Nearly half of Americans are breathing unhealthy air, according to the American Lung Association (ALA)’s latest State of the Air report, which analyzes ozone and particle pollution levels across the U.S. Drawing on federally verified data from 2021 to 2023, the report reveals that 156 million people—46% of the U.S. population—live in areas receiving a failing grade for at least one pollutant, with more than 42 million exposed to unhealthy levels of all three key measures: ozone, short-term particulate matter (PM₂.₅), and annual PM₂.₅. Worsening air quality trends, driven by extreme heat and wildfires, have pushed short-term particle pollution to the highest levels in 16 years, posing serious risks to respiratory and cardiovascular health. Yet, large data gaps remain—over 72 million people live in counties without any monitoring, leaving many at-risk communities invisible in national air quality assessments.

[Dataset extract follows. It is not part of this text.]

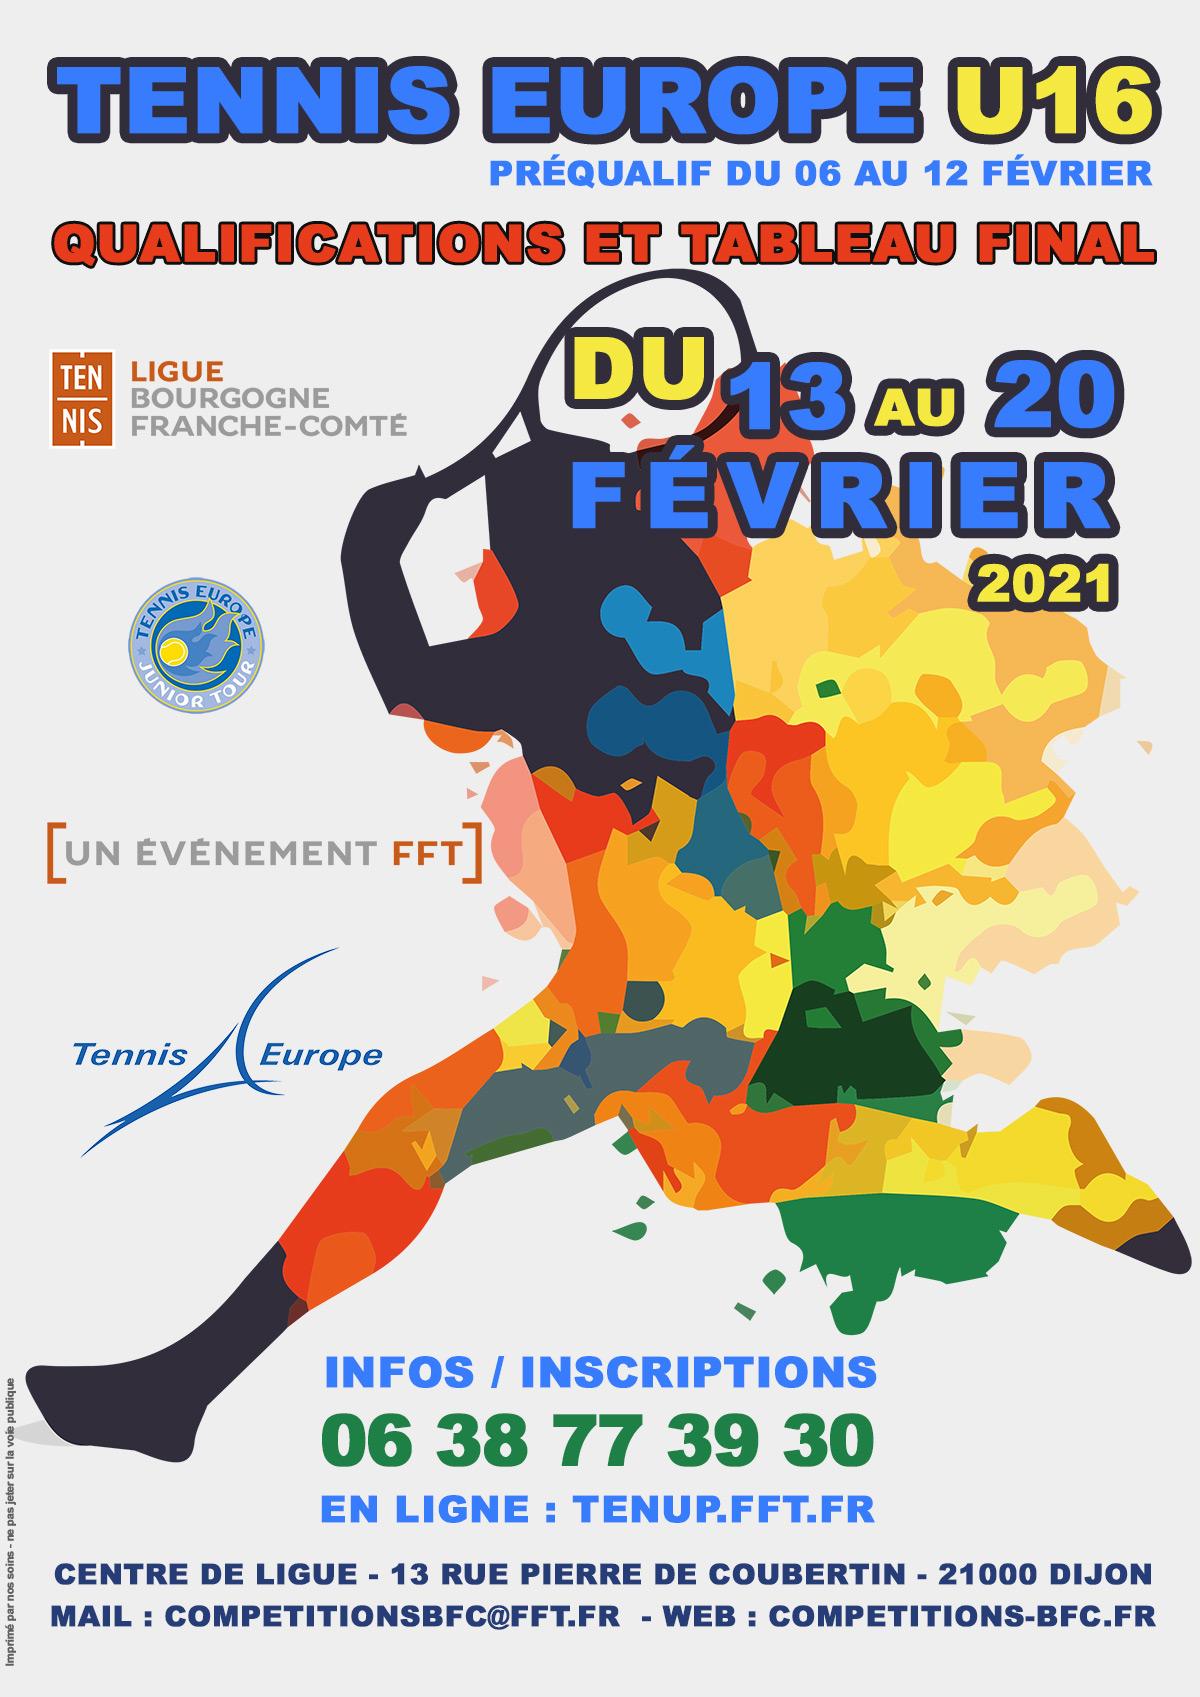 Les Petits Ducs Tennis Europe U16 à Dijon 2021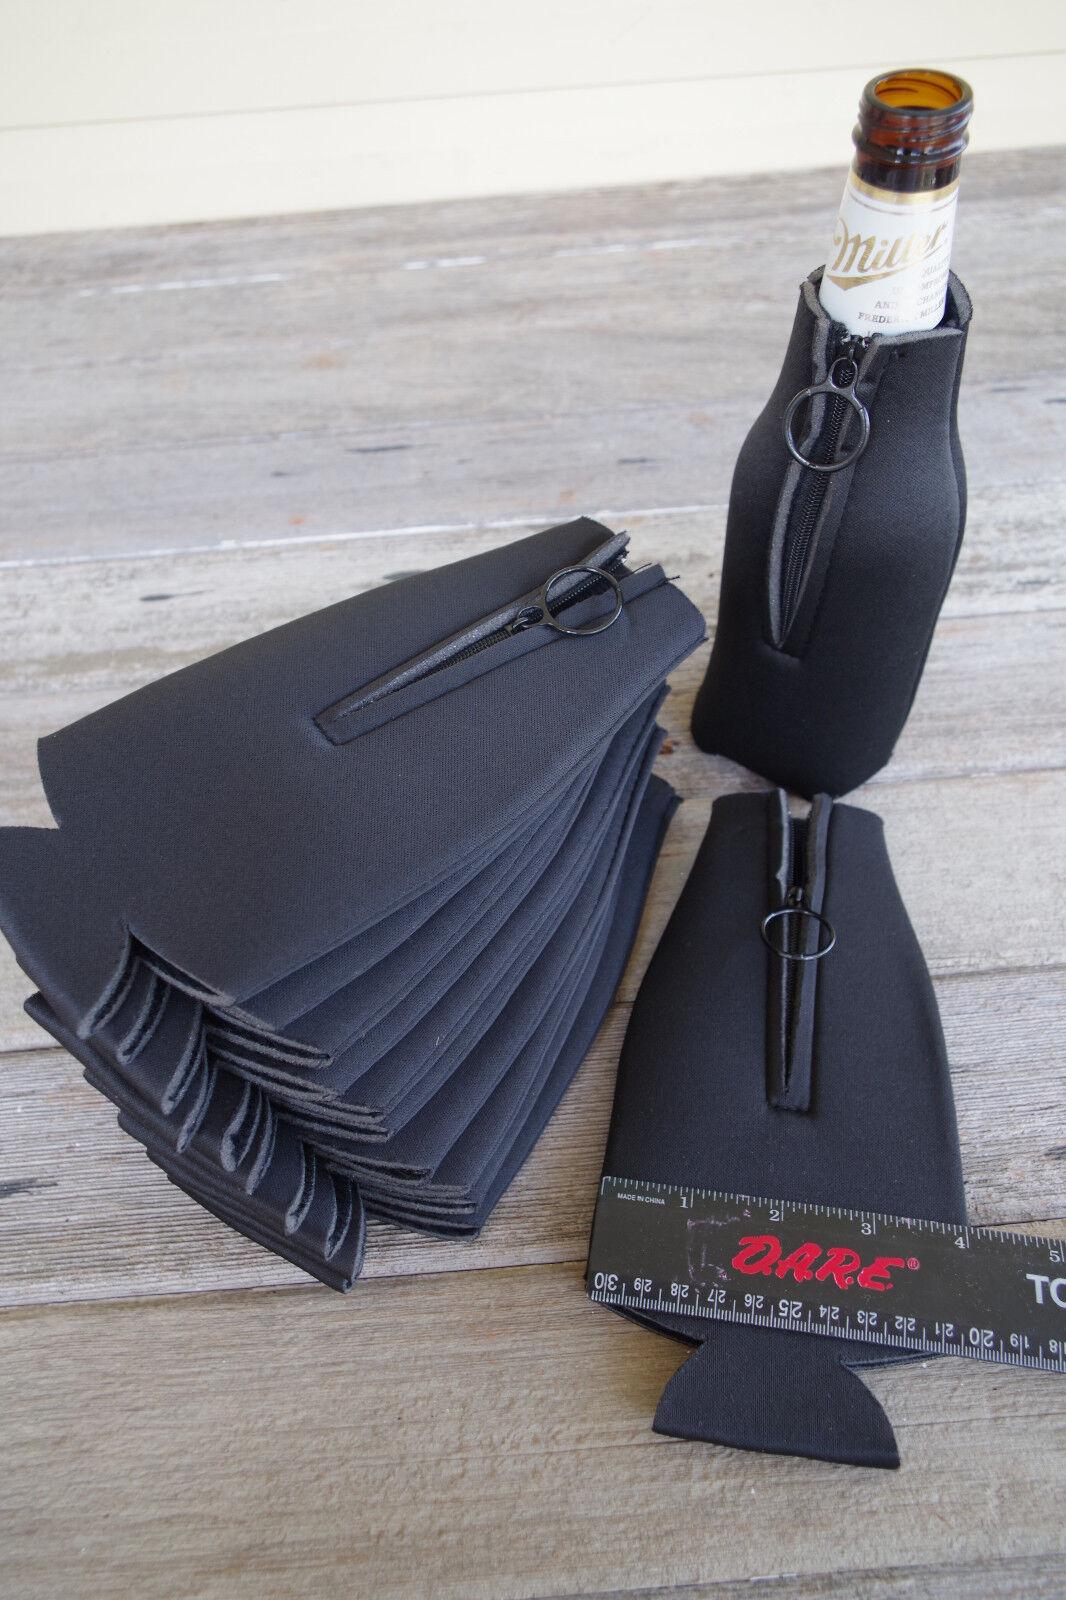 Blank Foam Can /& Bottle Coolers Zipper Beer Bottle Coolies Koozies 5 Pack #7

An internationally recognized leader in air quality, epidemiology and exposure assessment, George Thurston, ScD, a professor of medicine and population health at New York University School of Medicine headlines this important episode analyzing the Lung Association’s 2025 “State of the Air” report. In this episode, Thurston delves into the acute and accumulative health impacts on communities across the country. Listen in to learn more about the report’s key learnings, from adverse effects of exposure to ground-level ozone pollution to the decade-long worsening trend of particle pollution.
“You really have to have the evidence, and it's hard to have the evidence if you don't have people actually living at these lower levels. So that’s been very slow but positive progress towards cleaner air as we learn more and more about the effects of air pollution at even at lower and lower levels,” Thurston said.
Lungcast is a monthly respiratory news podcast series hosted by Albert Rizzo, MD, chief medical officer of the ALA, and produced by HCPLive.